▸ **Material provided**:
========================

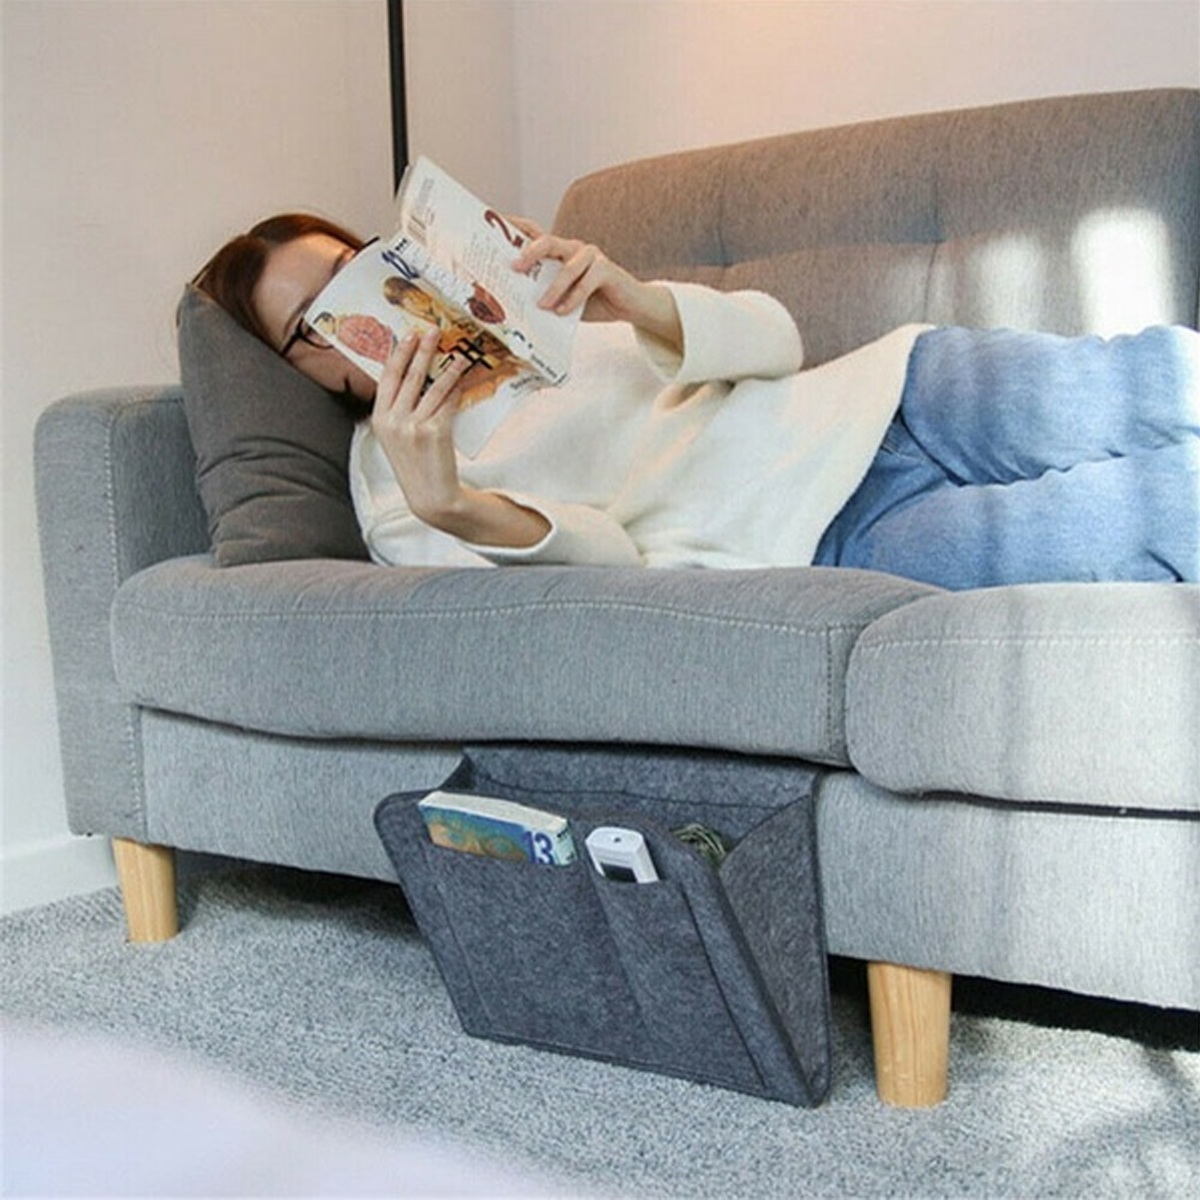 Bedside Caddy, Remote Control Holder Insert Mattress for Glasses, Laptop, Magazine, Gadgets, Cables Storage Organizer 12.6*7.9*3.9inch Phone Hanging Parts Storage Bag
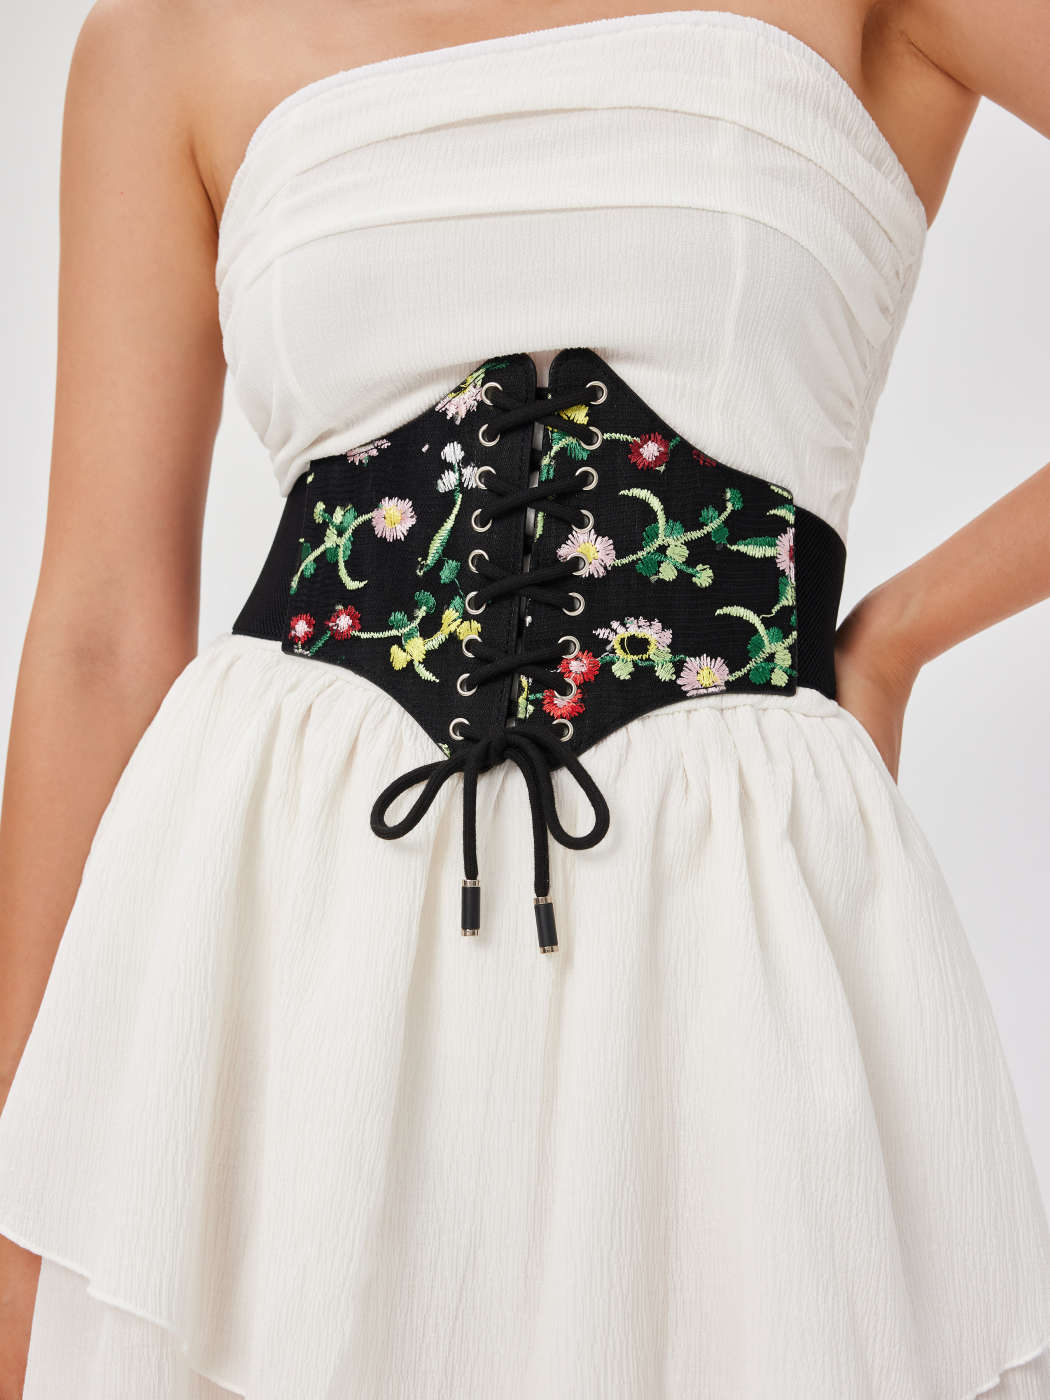 Lace Up Embroidery Corset Belt - Cider
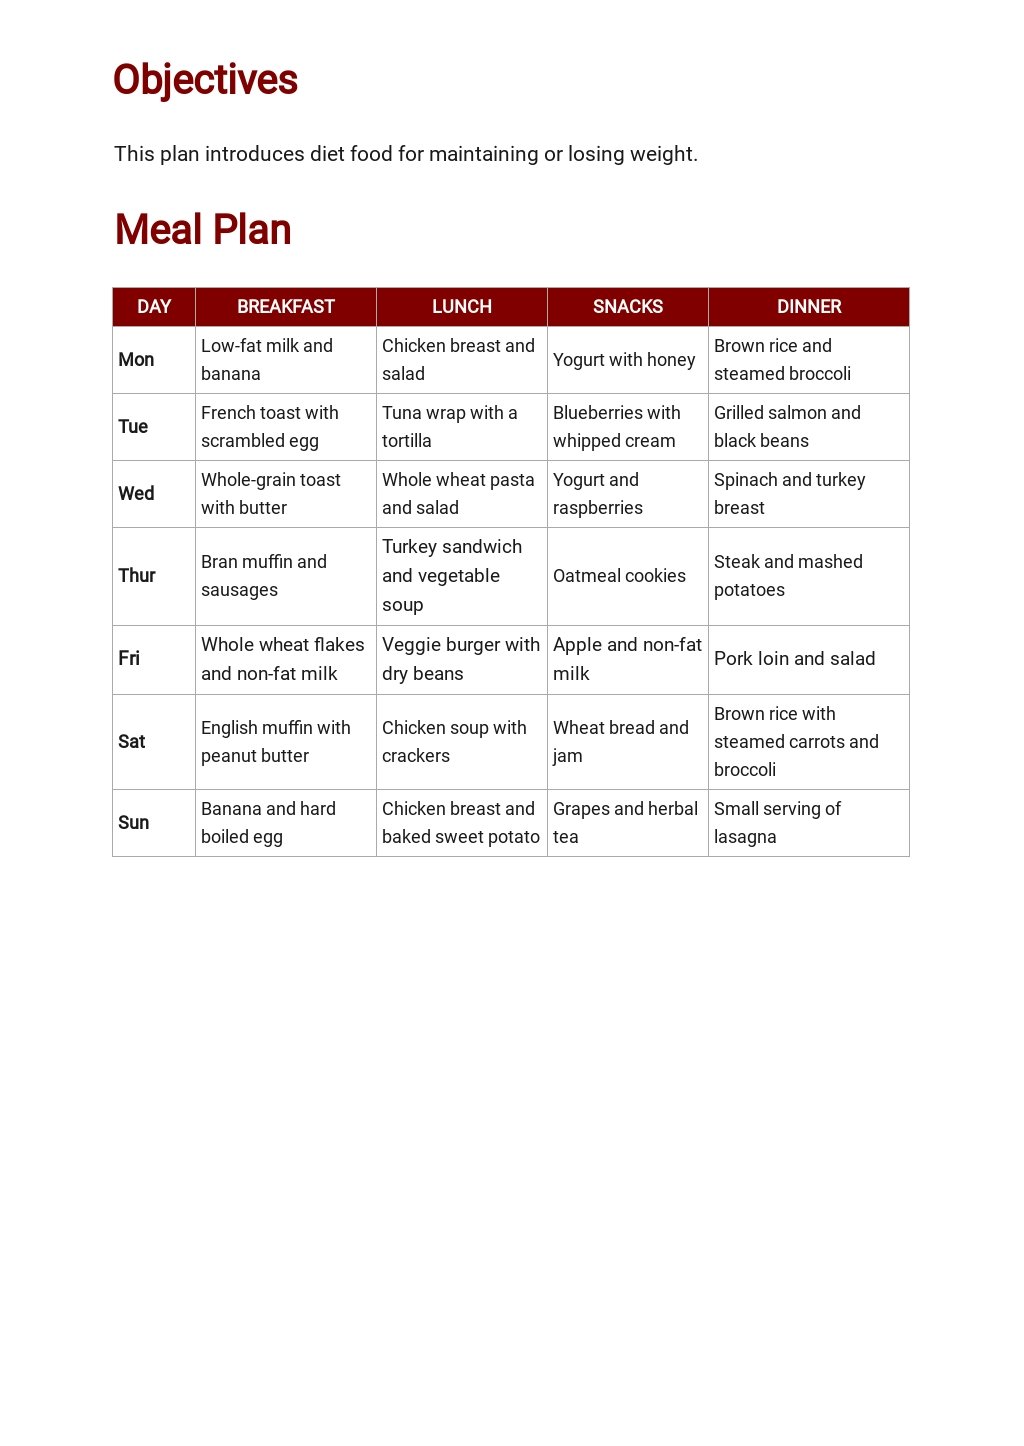 Diet Meal Plan Template in Google Docs, Word, Apple Pages, PDF
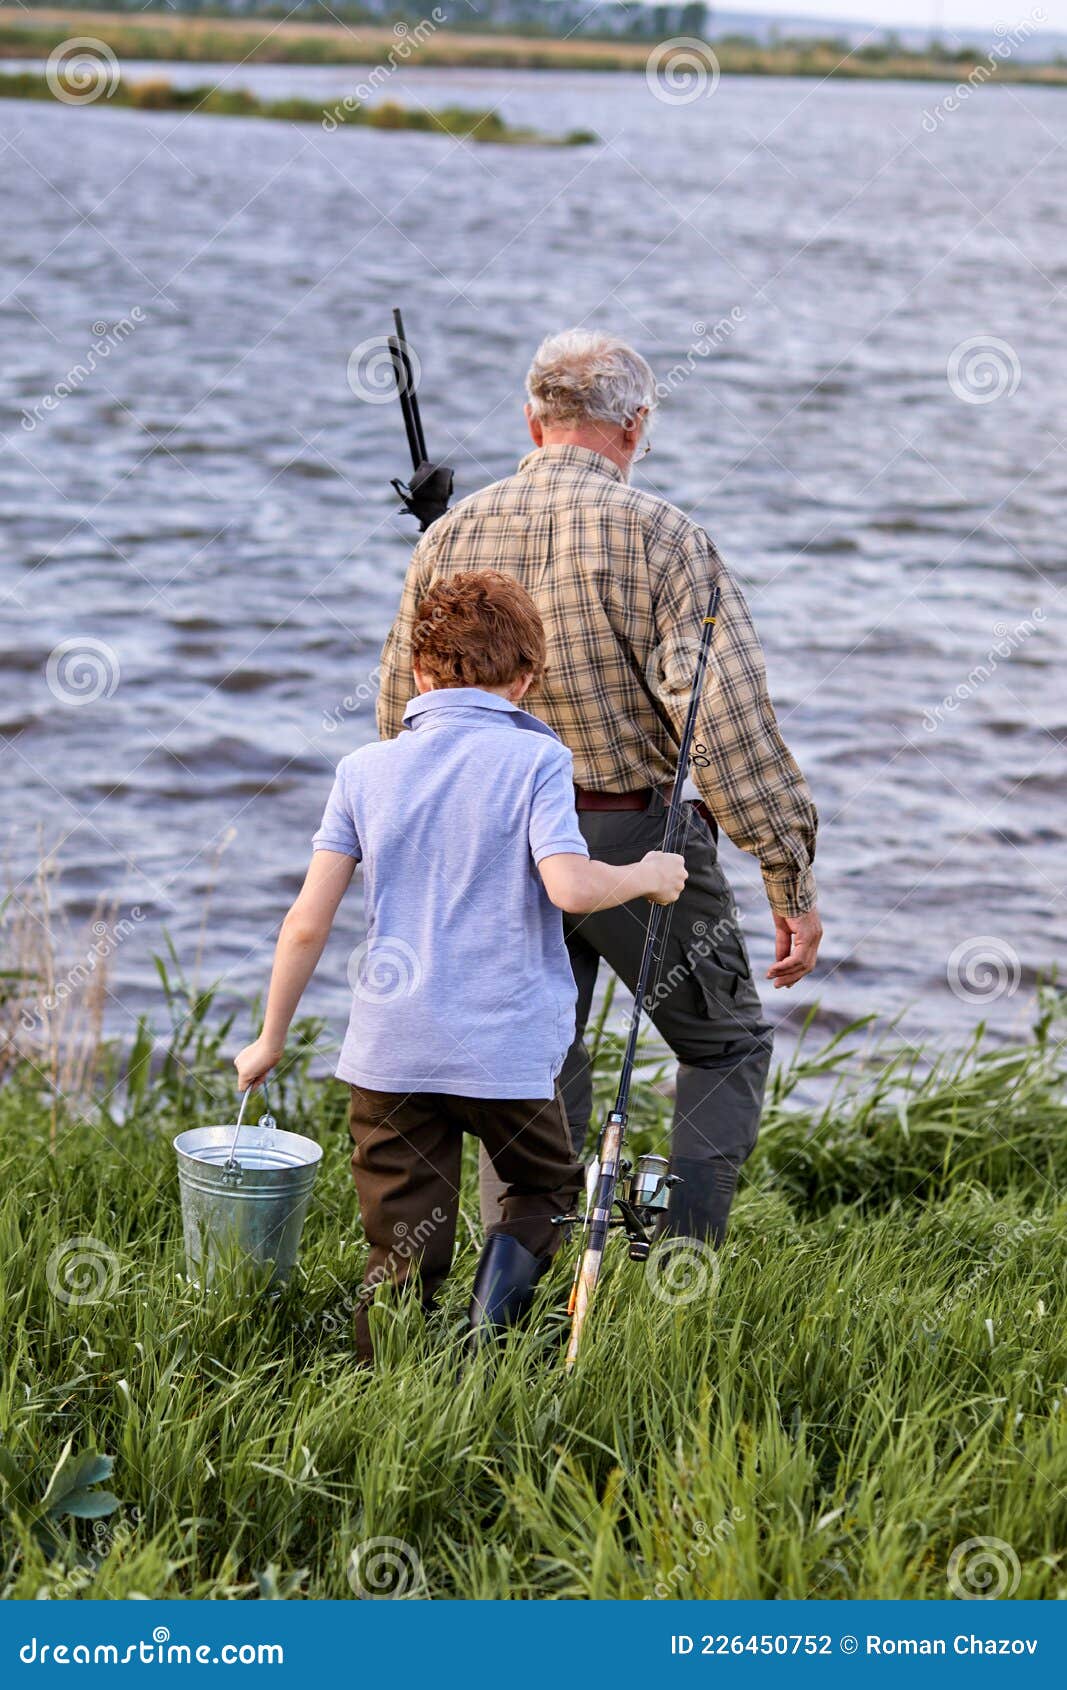 Grandfather and Grandson Going Fishing. Grandfather and Grandson

========================

Reproduce the lines above exactly, please, but not the pictures in them.

▸ **Problem solution**:
 Bedside Caddy, Remote Control Holder Insert Mattress for Glasses, Laptop, Magazine, Gadgets, Cables Storage Organizer 12.6*7.9*3.9inch Phone Hanging Parts Storage Bag
 Lace Up Embroidery Corset Belt - Cider
 Diet Meal Plan Template in Google Docs, Word, Apple Pages, PDF
 Grandfather and Grandson Going Fishing. Grandfather and Grandson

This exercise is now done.